Hilma Wolitzer is the author of the new story collection Today a Woman Went Mad in the Supermarket. Her many other books include the novel An Available Man. She lives in New York City.
Q: You wrote the stories in your new collection over several decades. Do you see any changes in your writing style over the years, or do you think it's remained fairly consistent?
A: Well, I might use more contractions now and fewer adverbs. But I think my writing style has been pretty consistent—it still reflects the way I perceive the world and how we live in it. I still see the dark side of things, but also the saving grace of humor, especially at unexpected moments.
Early readers of my newest story, “The Great Escape”—a kind of coda to the collection—have told me they recognize my (writing) voice, so I guess my style hasn’t significantly changed.
Q: Many of the stories focus on your recurring characters Howard and Paulette, and you bring their story up to the present moment. How did you create these characters?
A: Like all of my fictional characters, they came into my head with a sentence spoken in the first person. Paulette is the narrator of their stories, so she arrived first. But her obsession is with Howard, as her lover and then her husband, so it was pretty easy to conjure him up, too.
Howard and Paulette have continued to occupy my thoughts, even when I wasn’t writing about them. They became like friends who have moved out of the neighborhood. You’ve lost touch but you wonder what might have happened to them. Bringing them into old age and the age of Covid seemed like a good way to find out.

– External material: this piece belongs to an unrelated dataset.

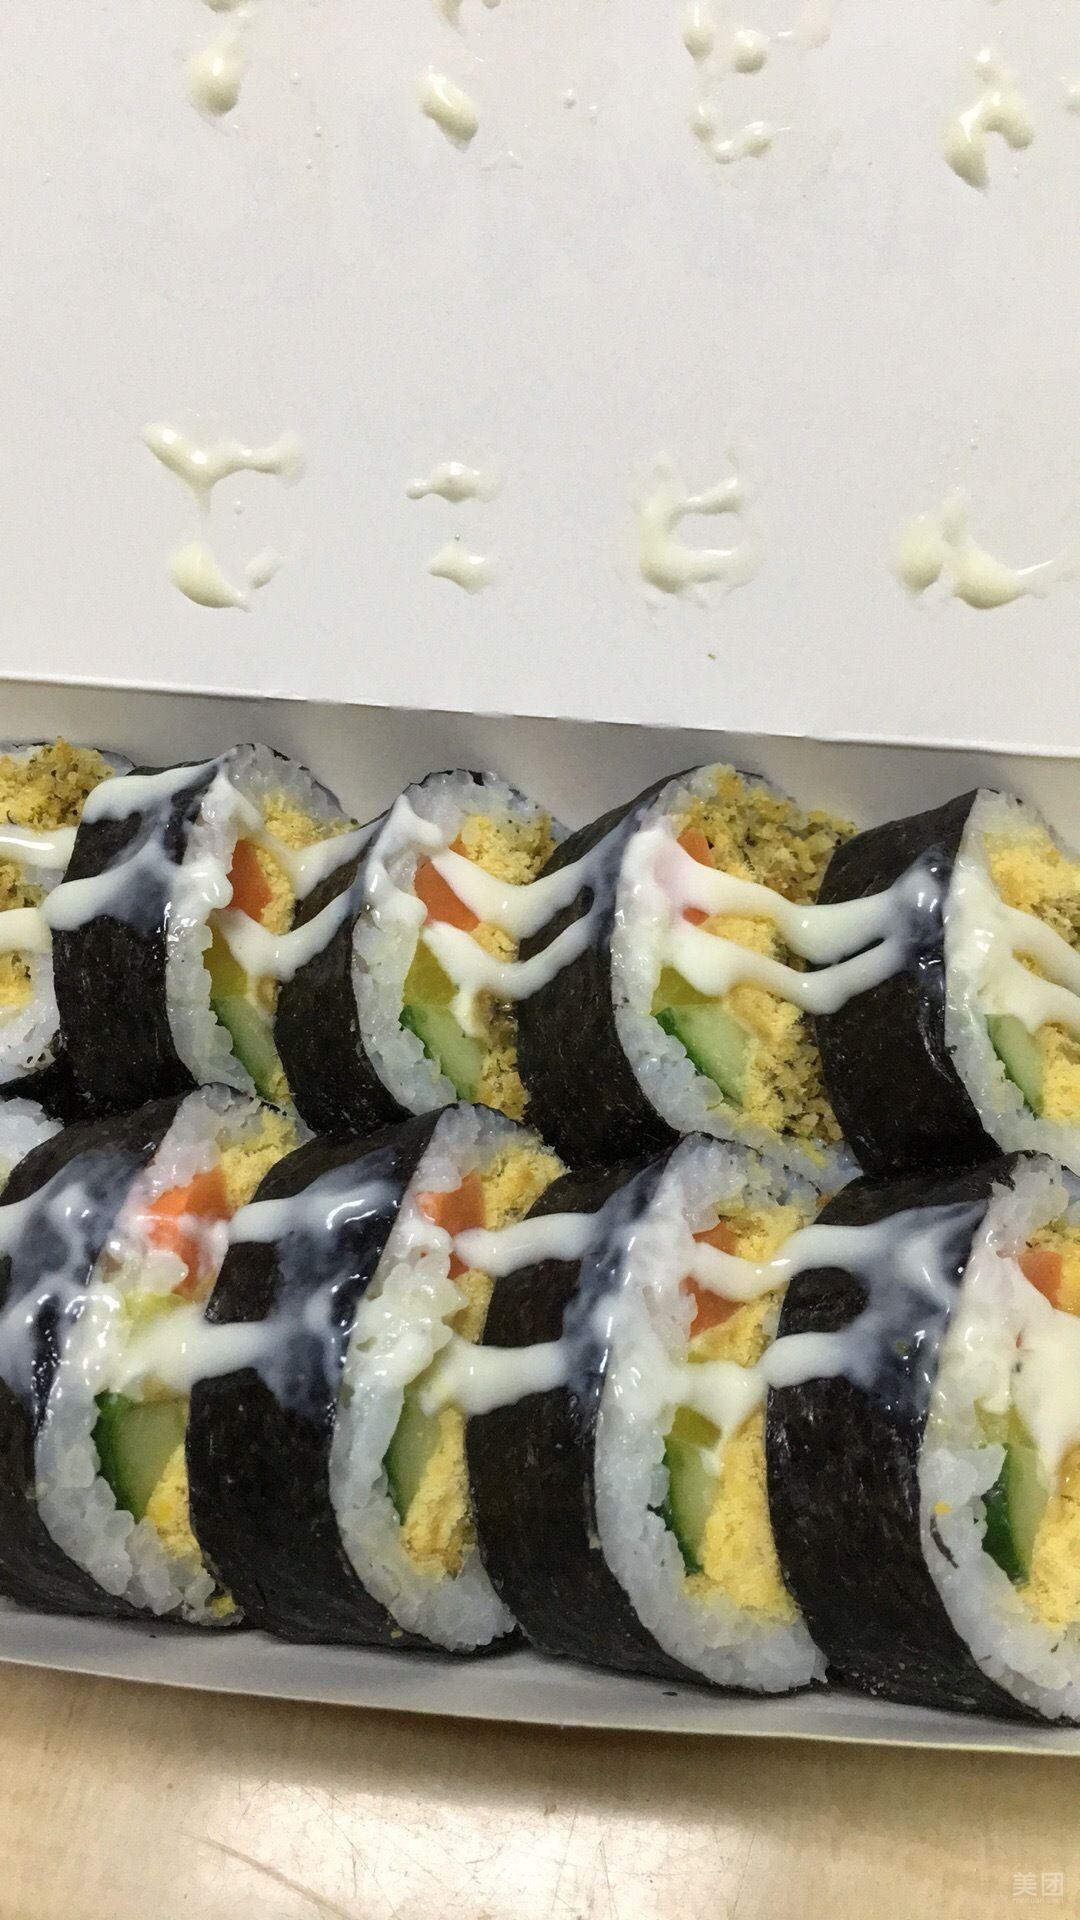 紫菜寿司详细步骤图

Q: How was the collection's title--also the title of the first story--chosen, and what does it signify for you?
A: The title “Today a Woman Went Mad in the Supermarket” was originally the first line of the story, and I just moved it up. It’s a mouthful, isn’t it? Its meaning is both literal—a woman breaks down in the aisle of a supermarket—and metaphorical.
When the story was written, in the mid-1960s, many women were questioning their place in what felt more and more like a patriarchal society. The supermarket, with all of its domestic bounty, seemed like the perfect setting to examine those stirrings of discontent.
Q: What do you hope readers take away from the book?
A: Enjoyment first, of course--I read fiction for pleasure and enlightenment myself. I hope that younger readers’ curiosity about the recent past is stimulated and satisfied, and that older ones experience a shock of recognition.
Q: What are you working on now?
A: I’ve been writing poems, but I’m also in the “dreaming” stage of new fiction, before the characters and their story have fully materialized.
Q: Anything else we should know?
A: Like everyone, I’m worried about the state of the world—racism, oppressive societies, global warming, the persistence of Covid-19 . . . But I’m incorrigibly hopeful, even if I won’t get to see things get better myself. Maybe my children and their children will.